I didn't know that you could run the repl with --log 99 to get more information! It looks like a handy tool, as it's often difficult for me to debug these kinds of things "from the outside" (i.e. without cloning this repo and going through the execution of the typechecker itself).

I find it interesting that the code typechecks by using with instead of case, as you mentioned:

decideIsEmptyString' : (s : String) -> Dec (IsEmpty (unpack s))
decideIsEmptyString' s with (unpack s)
    _ | [] = Yes Empty
    _ | (x :: xs) = No uninhabited

It'd be nice to have some documentation to better understand what's the expected behavior of case vs. with, and why they should/shouldn't be replaceable (and in which contexts). In the docs, I could only find this page describing with, with no information or comparisons with case: https://docs.idris-lang.org/en/latest/tutorial/views.html

dunhamsteve commented 6 months ago

Yeah, it would be nice to have a discussion of case vs with in the docs. I'm not sure I know with well enough yet to make improvements. I did find the Agda documentation for with to be useful (note that Idris will have _ where Agda has ...). And the natToBin example on the views.html page shows how with can be used to refine the arguments of a function.

I don't know if this is a desired change, but just for fun I tried teaching case to replace the occurrences of the scrutinee in the return type of the generated function with the corresponding parameter. It seems to work with your example and passes tests:

diff --git a/src/TTImp/Elab/Case.idr b/src/TTImp/Elab/Case.idr
index 949df8274..290aa70f2 100644
--- a/src/TTImp/Elab/Case.idr
+++ b/src/TTImp/Elab/Case.idr
@@ -212,8 +212,13 @@ caseBlock {vars} rigc elabinfo fc nest env opts scr scrtm scrty caseRig alts exp
                                          fullImps caseretty_in (TType fc u)
          let casefnty
                = abstractFullEnvType fc (allow splitOn (explicitPi env))
-                            (maybe (Bind fc scrn (Pi fc caseRig Explicit scrty)
-                                       (weaken caseretty))
+                            -- replace scrutinee with scrn in return type
+                            (maybe !(do let binder = (Pi fc caseRig Explicit scrty)
+                                        let env' = binder :: env
+                                        nfscr <- (nf defs env' (weaken scrtm))
+                                        nfcaseretty <- (nf defs env' (weaken caseretty))
+                                        caseretty' <- Normalise.replace defs env' nfscr (Local fc Nothing _ First) nfcaseretty
+                                        pure $ Bind fc scrn binder caseretty')
                                    (const caseretty) splitOn)
          -- If we can normalise the type without the result being excessively
          -- big do it. It's the depth of stuck applications - 10 is already
gallais commented 6 months ago

Note that this leads to a lot of normalisation (and may be missing some occurrences in the context thus leading to ill-typed auxiliary definitions).

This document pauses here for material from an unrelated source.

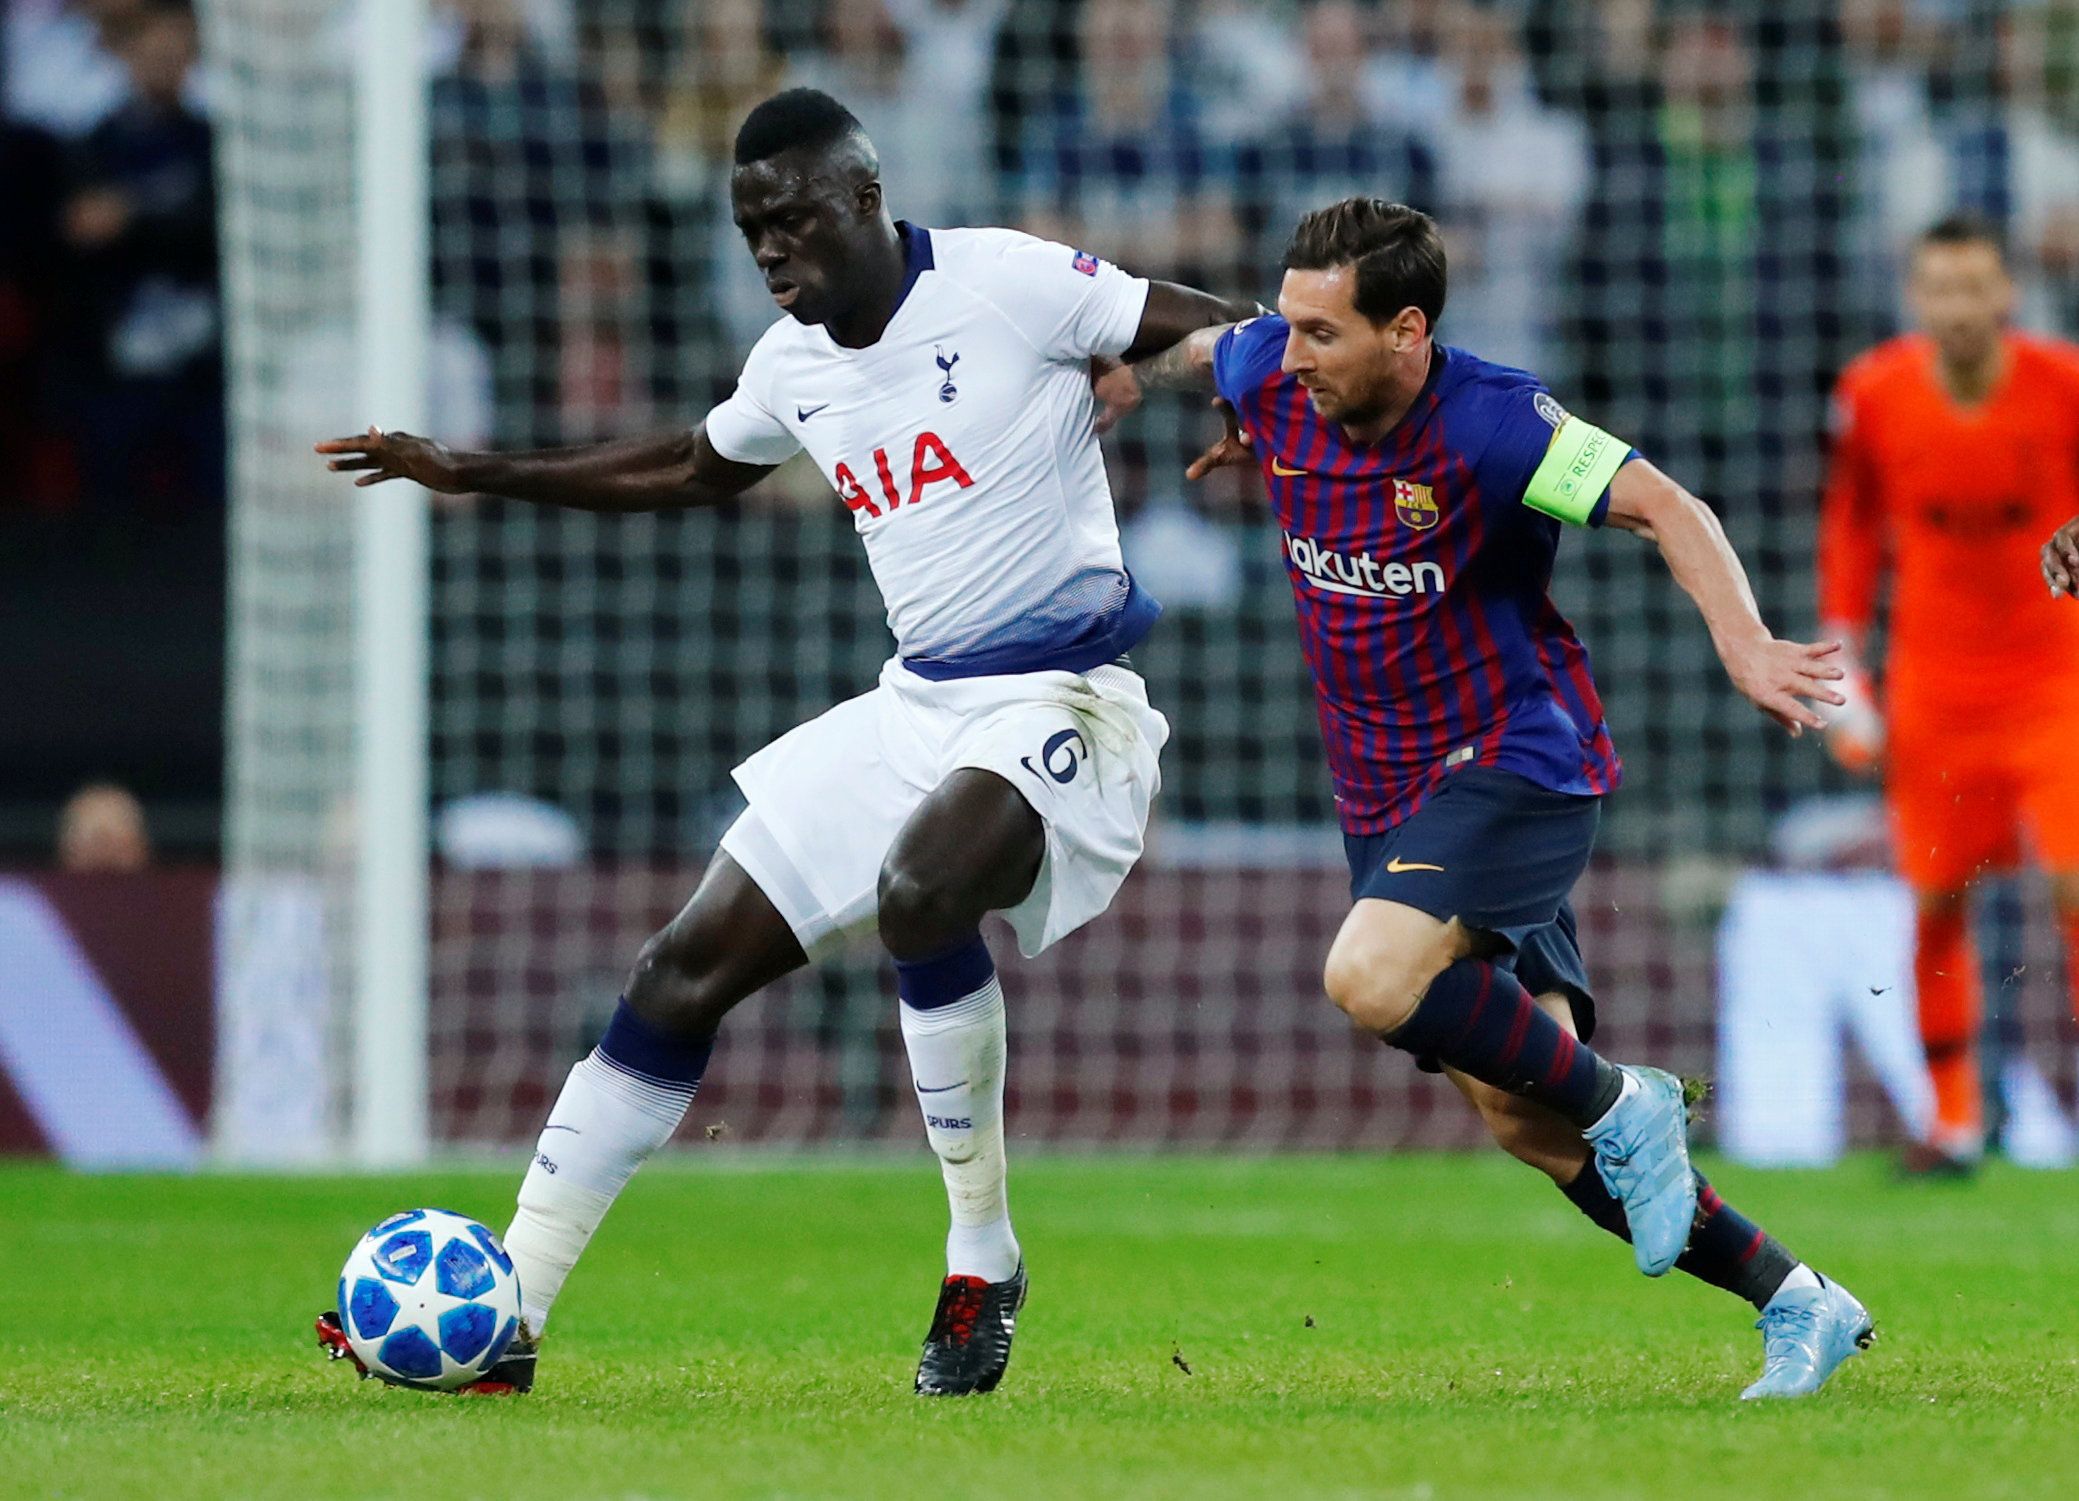 Soccer Football - Champions League - Group Stage - Group B - Tottenham Hotspur v FC Barcelona - Wembley Stadium, London, Britain - October 3, 2018  Tottenham's Davinson Sanchez in action with Barcelona's Lionel Messi      REUTERS/Eddie Keogh

dunhamsteve commented 6 months ago

Thanks for taking a look. I suspected there were issues with this change, and I was curious what they were.

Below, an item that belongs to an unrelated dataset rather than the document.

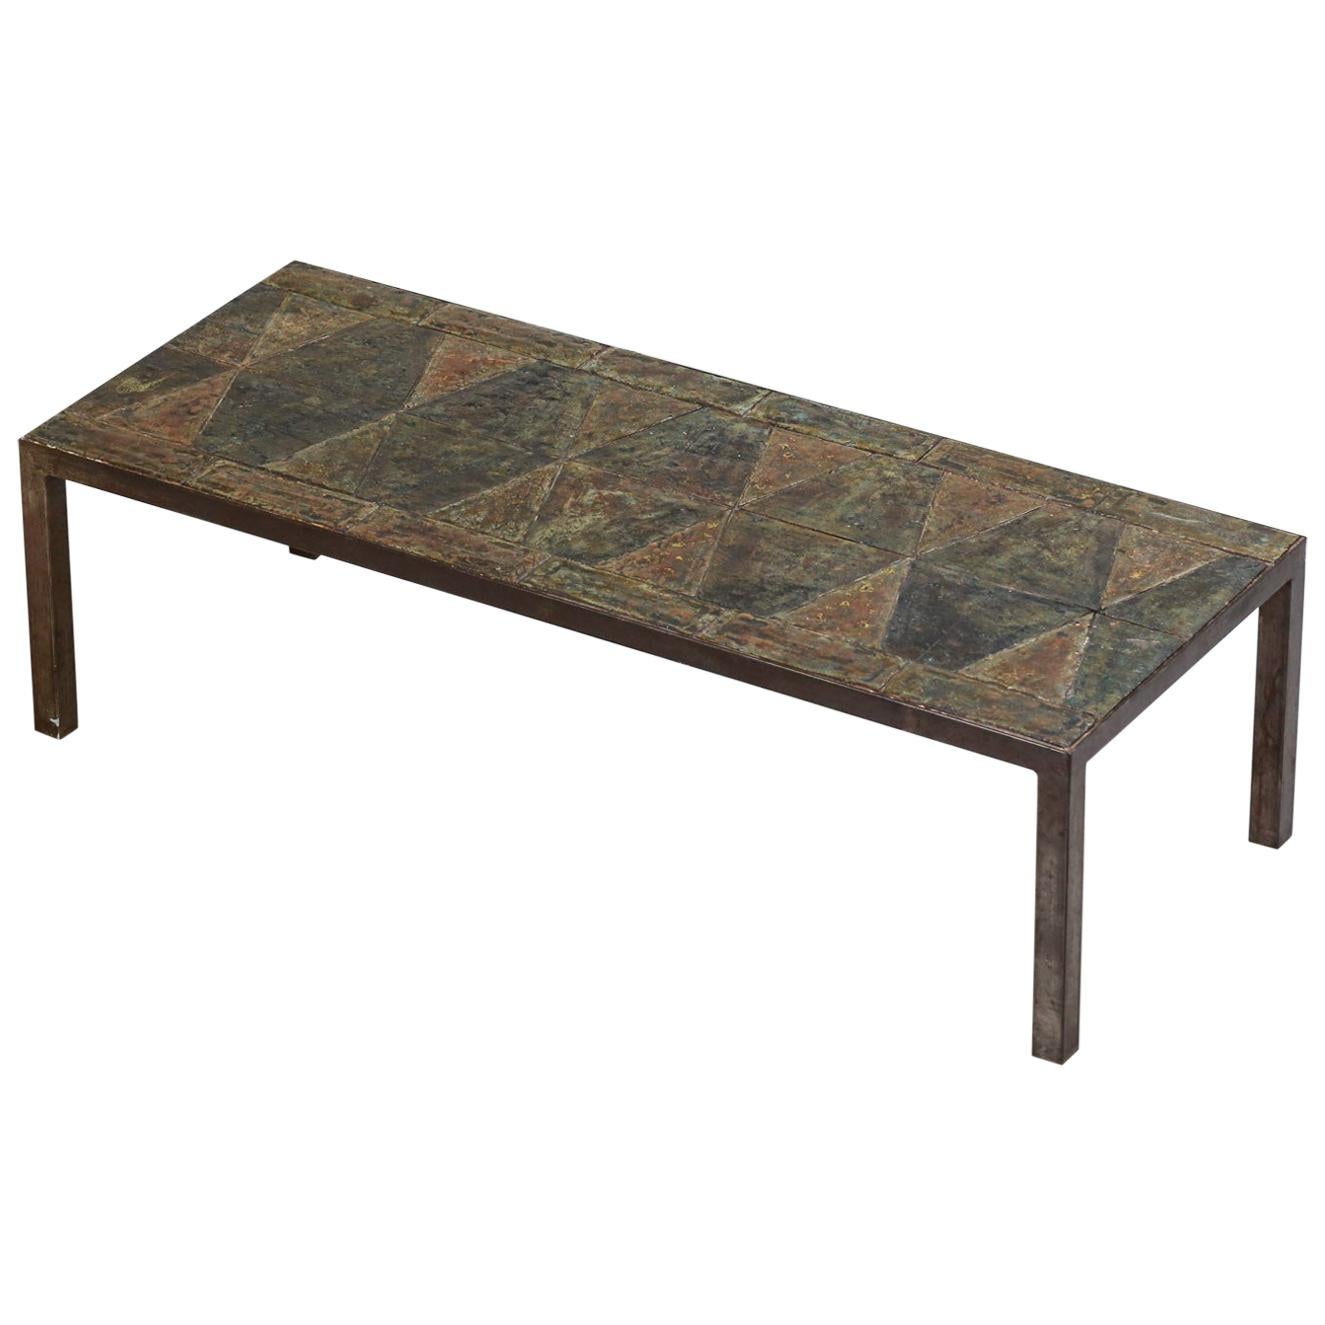 Brutalist Coffee Table from the 1960s Made of Enameled Lava Stones French Design

It looks like :doc with does mention the rewriting of the target type, but the web documentation does not:

When this intermediate computation additionally appears in the type of the
function being defined, the `with` construct allows us to capture these
occurences so that the observations made in the patterns will be reflected
in the type.

I think this paragraph would be a useful addition to the html docs and will PR that (along with documentation for multi-with).